Jupyter notebooks: w07-section.ipynb and w07-section-answers.ipynb
Expectation
The goal of the expectation step is to calculate $Q(\Theta)$ conditioned on our current guess, $\Theta^{(t)}$. In other words, we want to be able to calculate
$$
\begin{align}
Q(\Theta | \Theta^{(t)} ) &= \mathbb{E}_{P(Z|X,\Theta^{(t)})}[\log\ P(X,Z| \Theta)] \
&= \sum_Z P(Z | X, \Theta^{(t)} )\ \ \log\ P(X, Z | \Theta)
\end{align}
$$
Practically, we just need to calculate $P(Z|X,\Theta^{(t)})$. For the sequence motif problem, we calculate $P(\lambda^S | X, \Theta^{t})$ for each possible $\lambda^S$ by using the $\Theta$ (PWM and background model) and normalizing by their sum.
Maximization
The maximization chooses the next $\Theta^{(t+1)}$ by finding the value that maximizes $Q(\Theta | \Theta^{(t)})$.
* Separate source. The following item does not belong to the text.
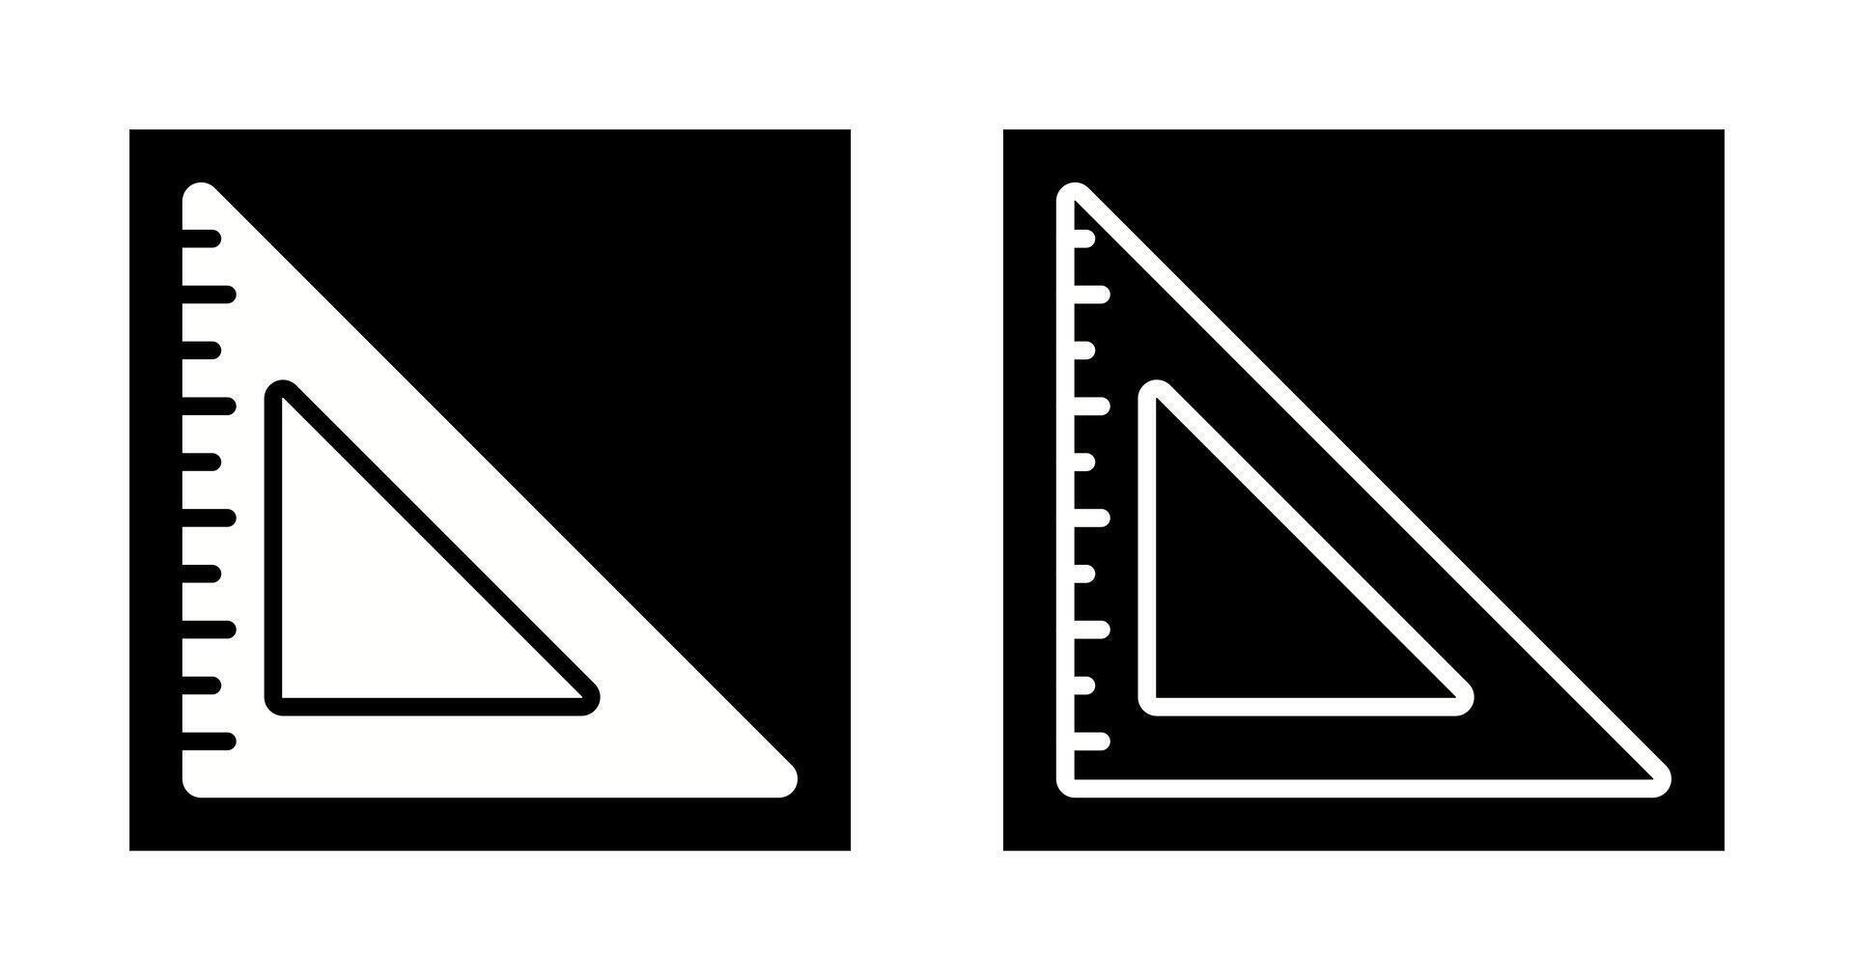 icono de vector de regla triangular

$$\Theta^{(t+1)} = \mathrm{argmax}\ Q(\Theta | \Theta^{(t)})$$
We can determine $\Theta^{(t+1)}$ analytically in terms of the $P(Z | X, \Theta^{(t)})$ we caclulated in the expectation step using calculus (Lagrange multipliers is a common method for this). For the sequence motif problem, this becomes the counts at each position weighted by $P(\lambda^S | X, \Theta^{(t)})$ and then normalized (see lecture notes).
K-means clustering
Now let's try applying the EM algorithm to another context--K-means clustering.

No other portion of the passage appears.